What to work on:
Could you restate word for word only the lines below from the one holding "The Curt Flood" to the one holding "Tinkerbell embroidery design", inclusive, and leave out the pictures?

Top of Entries shown

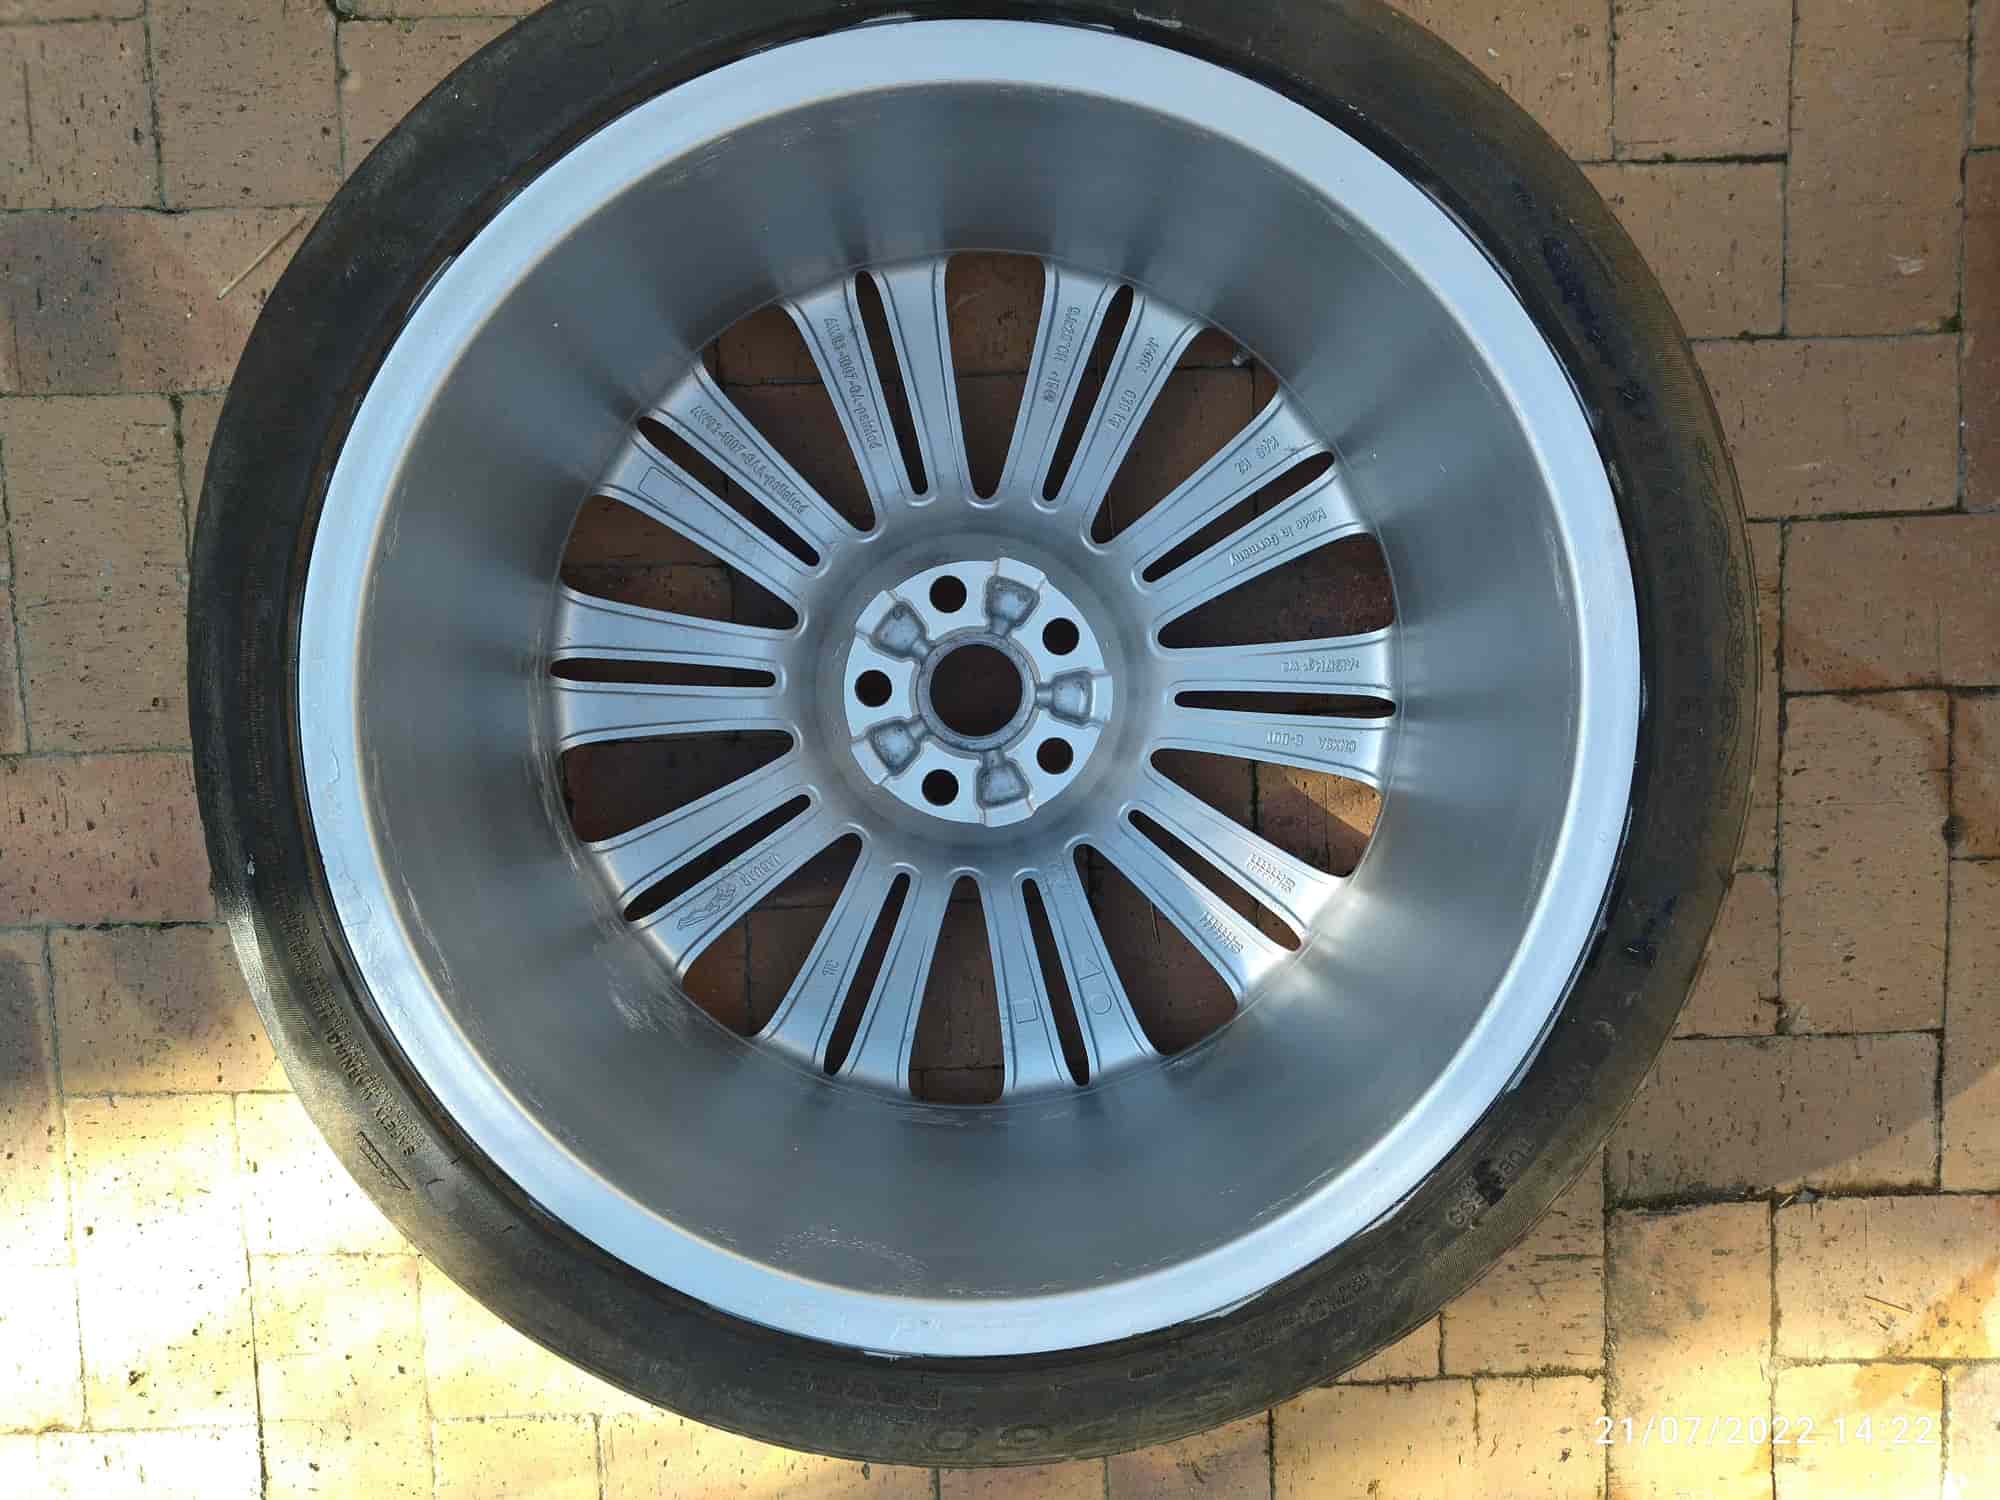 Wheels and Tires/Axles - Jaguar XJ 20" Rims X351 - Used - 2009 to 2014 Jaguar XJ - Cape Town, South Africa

Bottom of Entries shown
Top of Entries shown

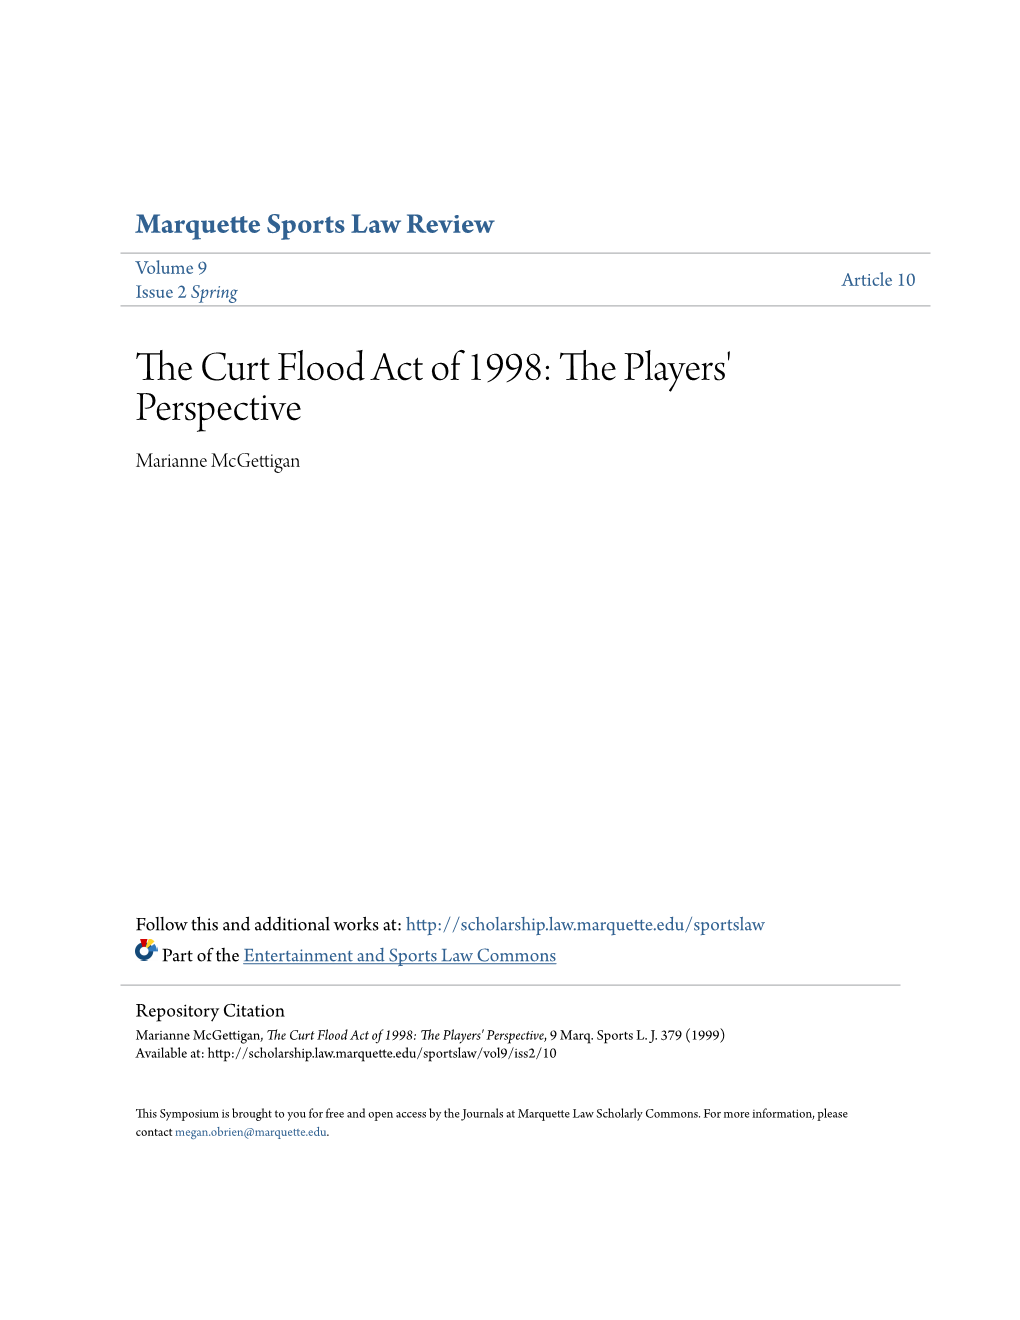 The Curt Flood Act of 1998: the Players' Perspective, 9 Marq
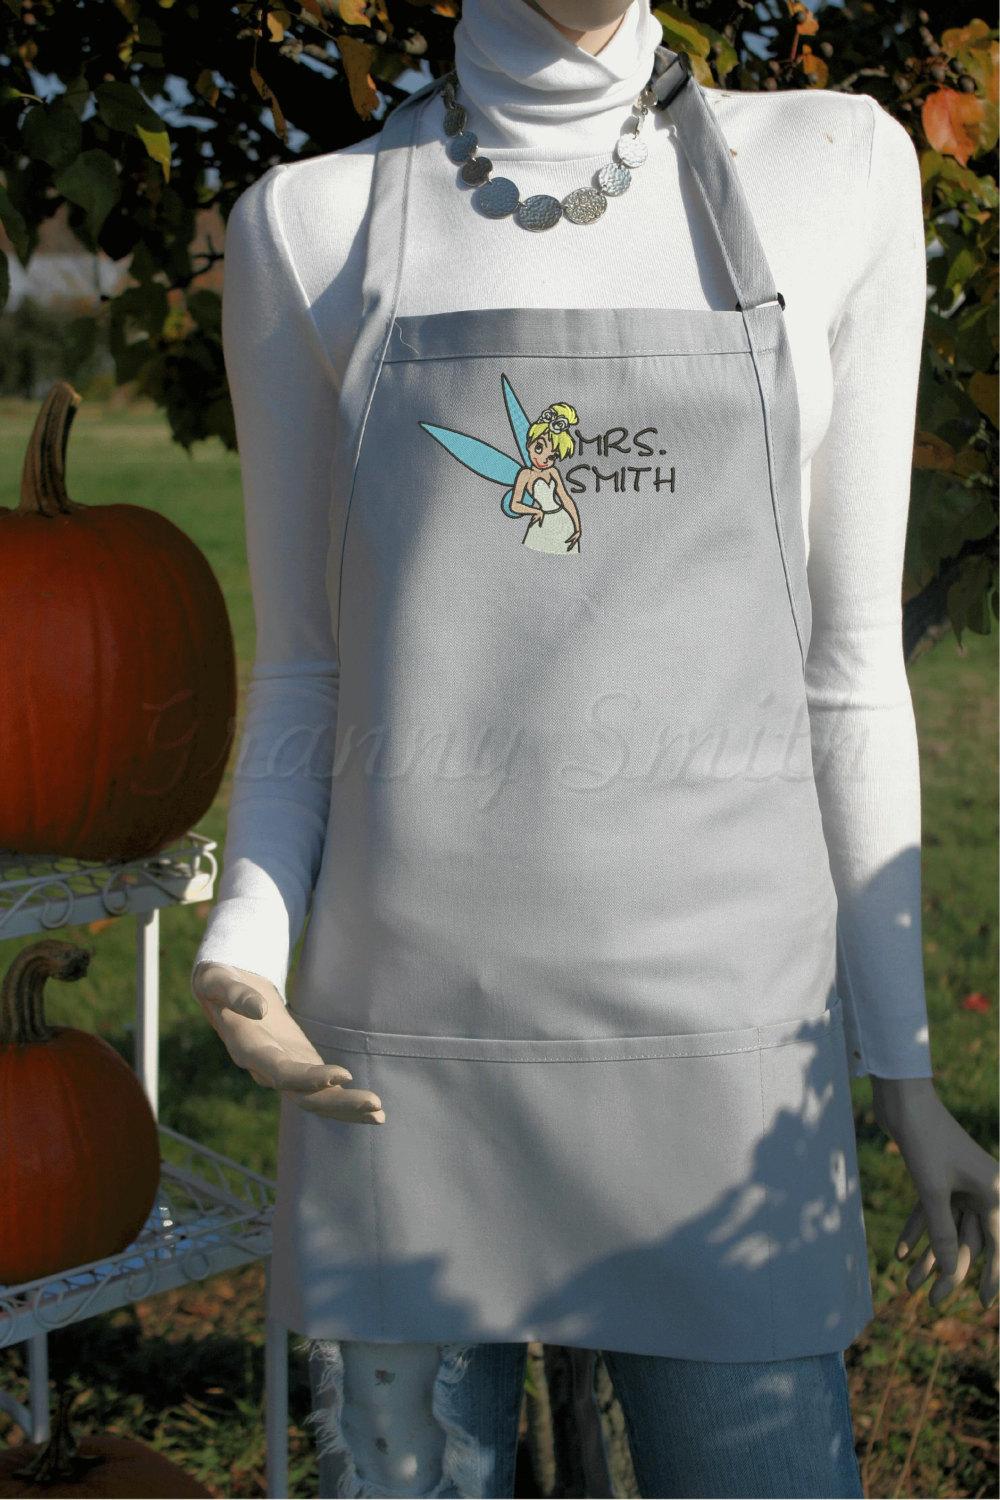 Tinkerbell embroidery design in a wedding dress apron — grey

Bottom of Entries shown
Top of Entries shown

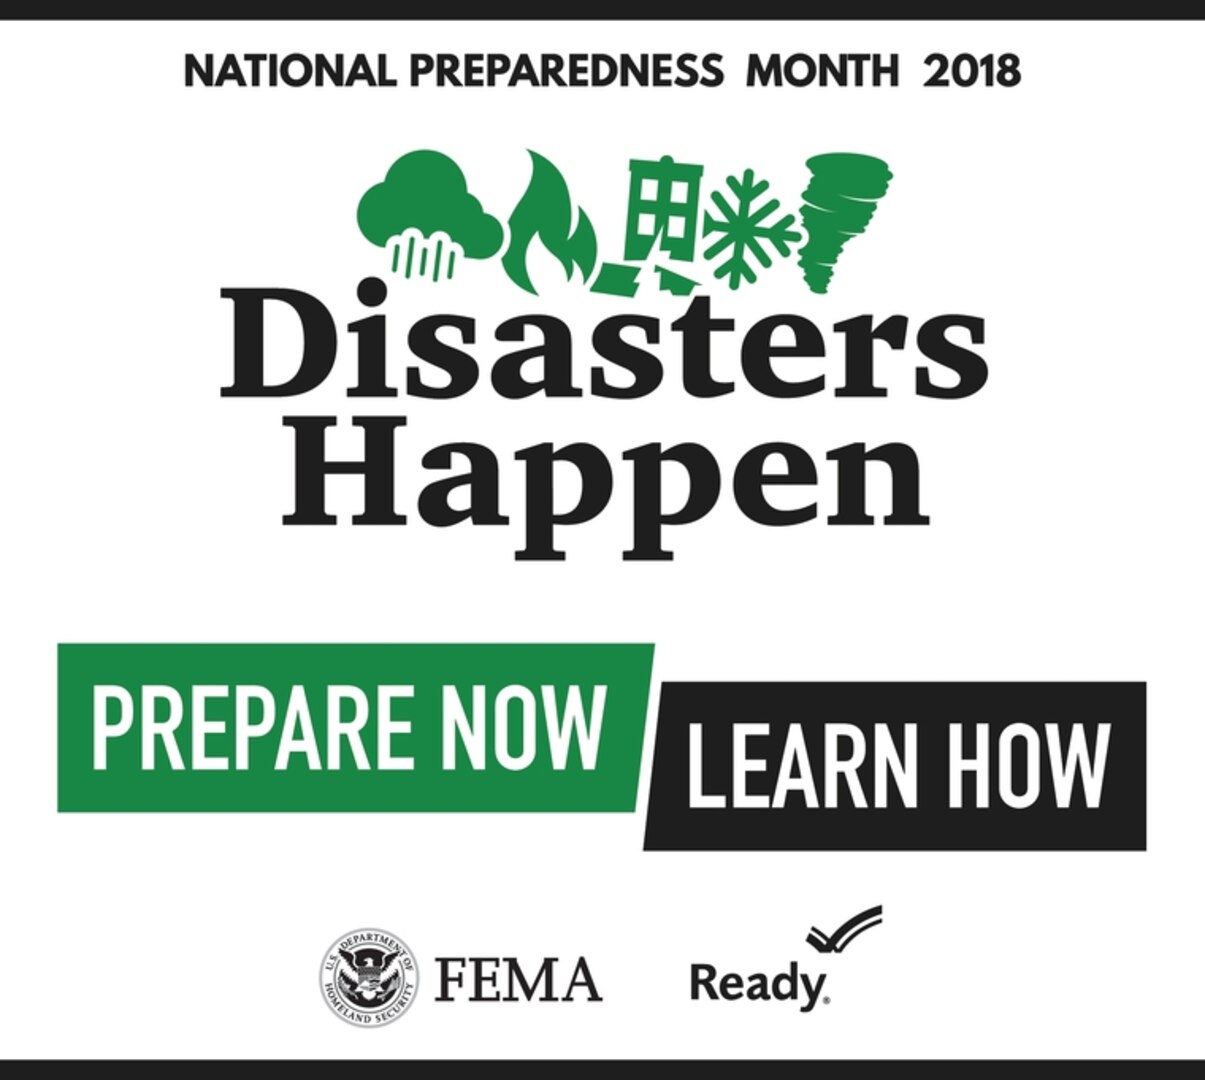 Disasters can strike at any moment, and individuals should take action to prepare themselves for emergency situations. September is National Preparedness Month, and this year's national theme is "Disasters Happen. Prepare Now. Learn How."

Bottom of Entries shown

Solved problem:
 The Curt Flood Act of 1998: the Players' Perspective, 9 Marq
 Tinkerbell embroidery design in a wedding dress apron — grey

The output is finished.